* [ACTIVITY] Leave the images aside and copy out the whole listing, exact to the word.

* [DATA PROVIDED]
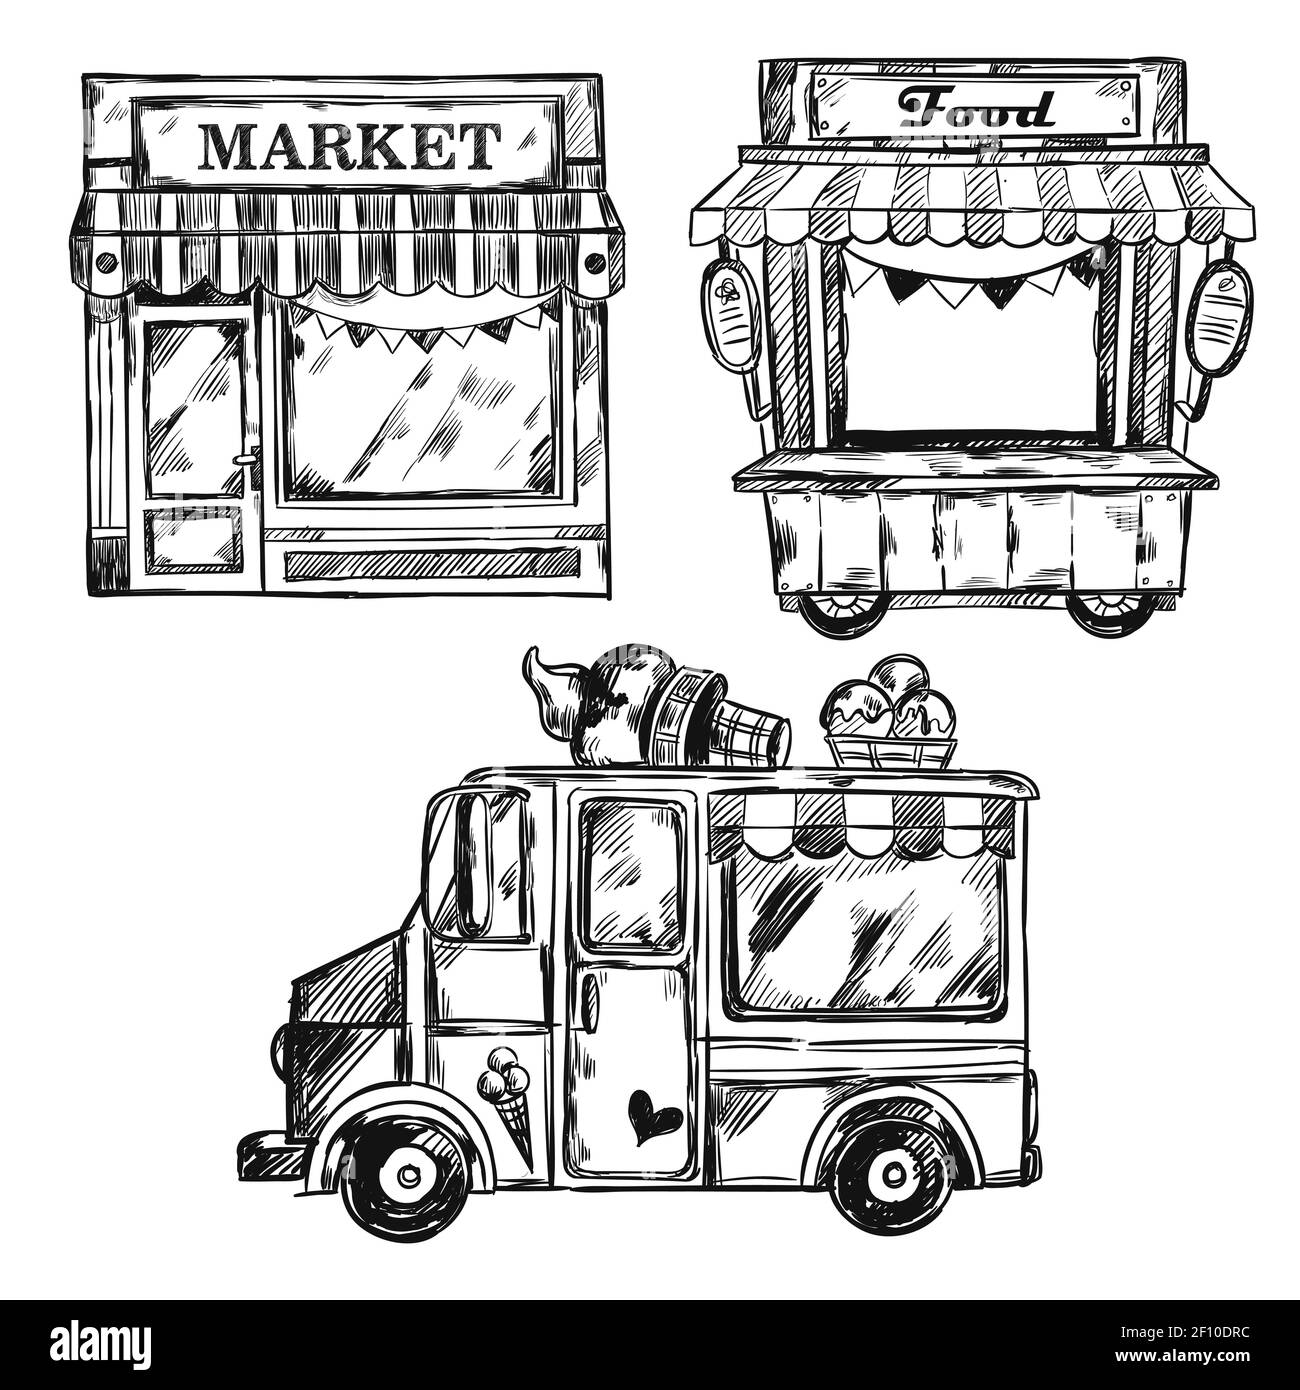 Vintage shop facade icon set with different types of food markets in black color vector illustration Stock Vector
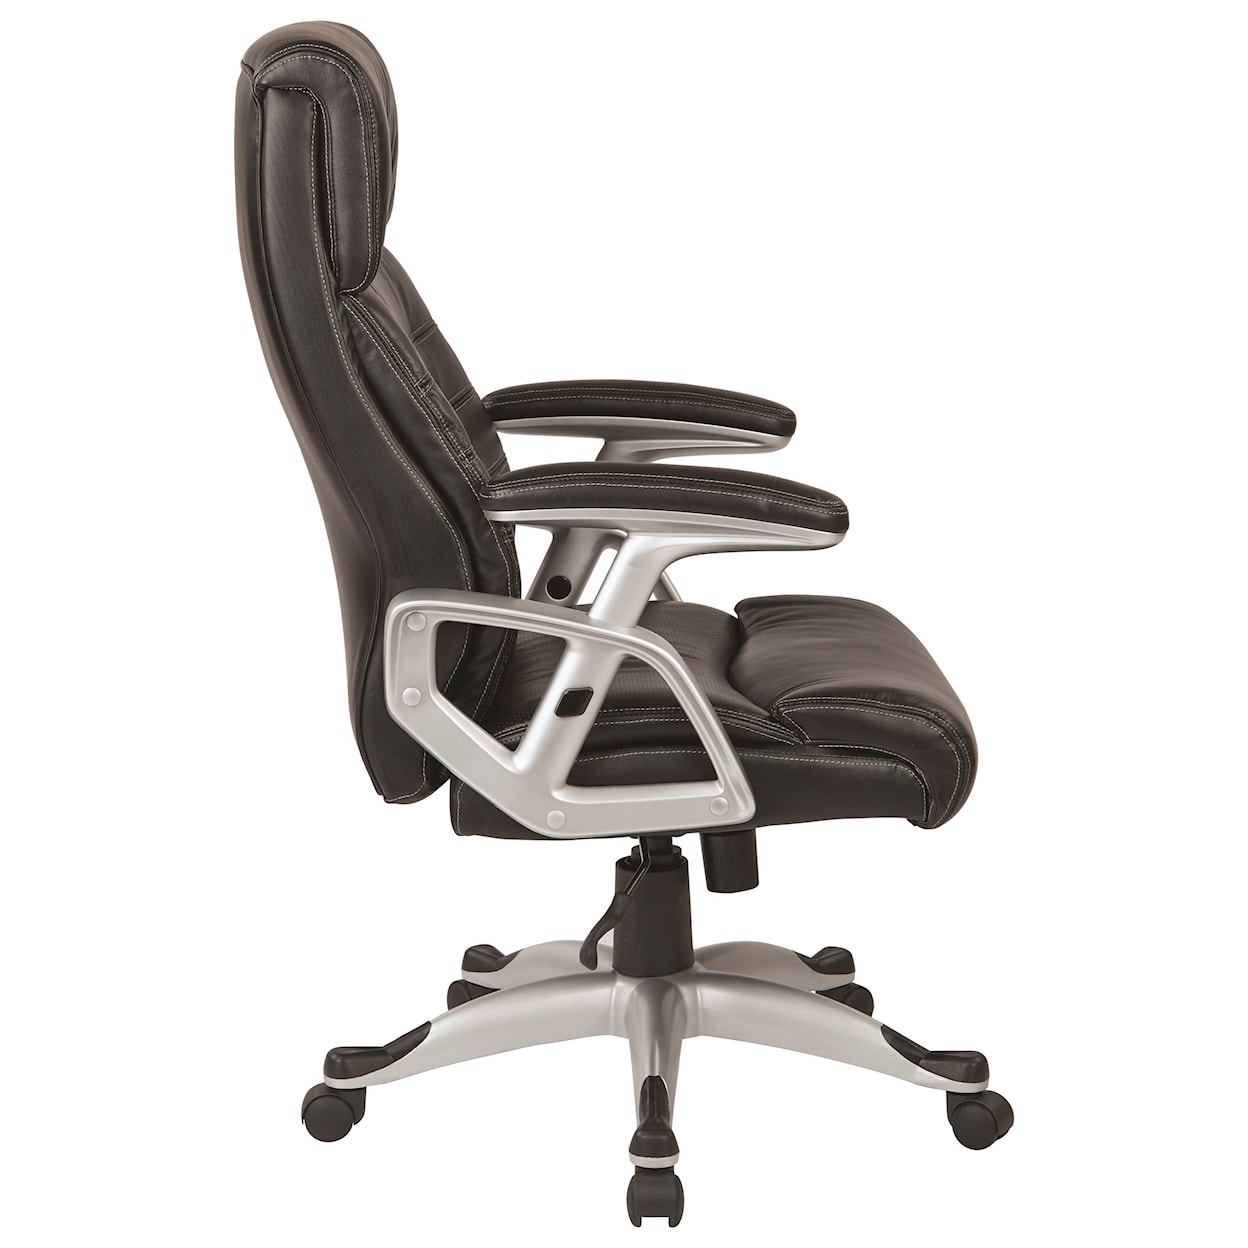 Office Star Office Chairs Executive Chair
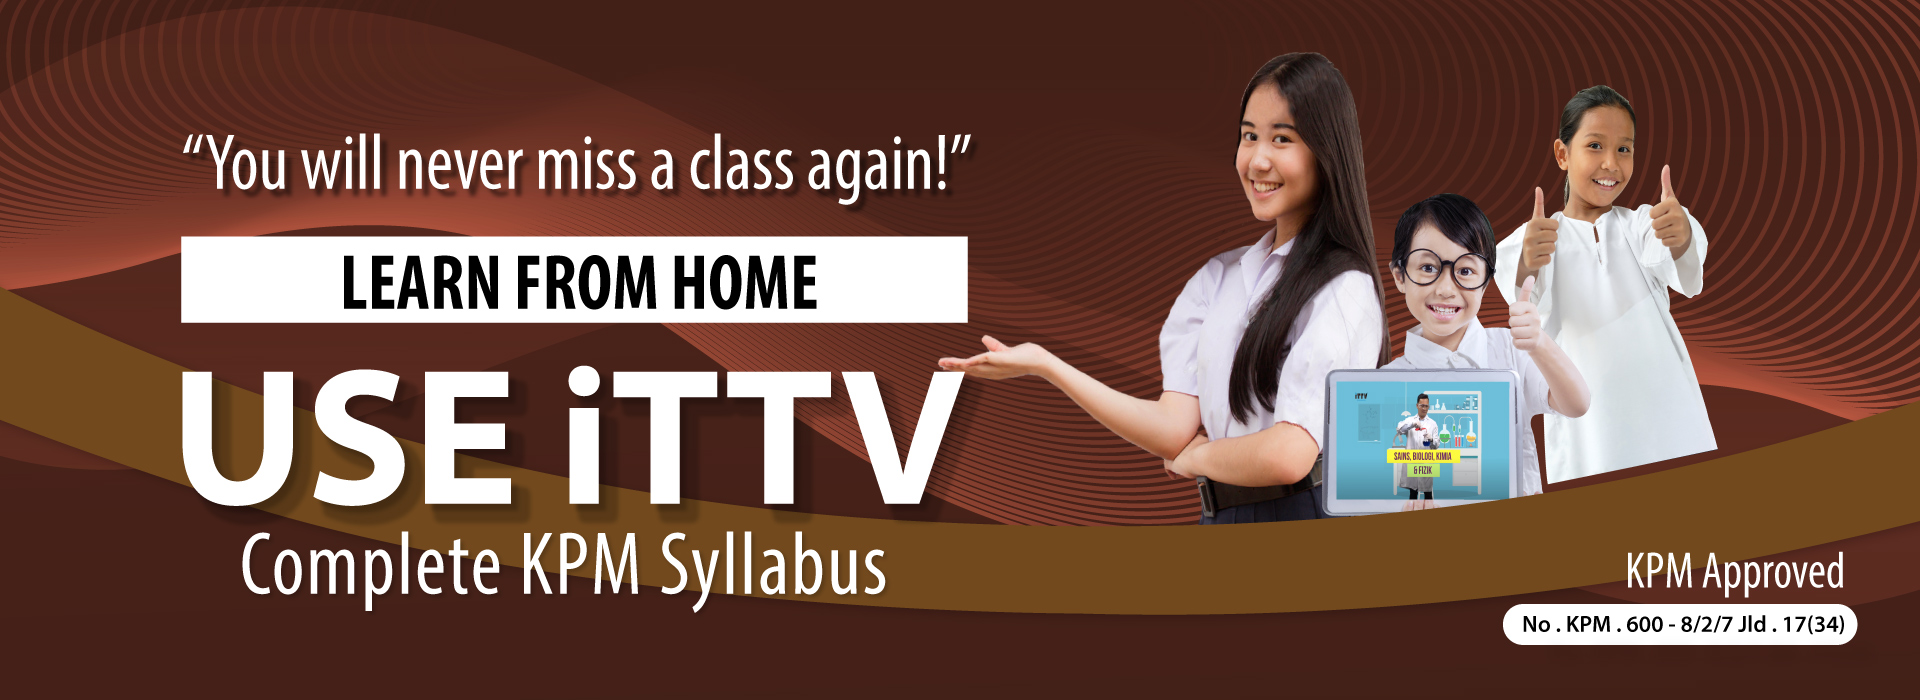 iTTV - Learn From Home

* [EXERCISE SOLUTION]
 Vintage shop facade icon set with different types of food markets in black color vector illustration Stock Vector
 Office Star Office Chairs Executive Chair
 iTTV - Learn From Home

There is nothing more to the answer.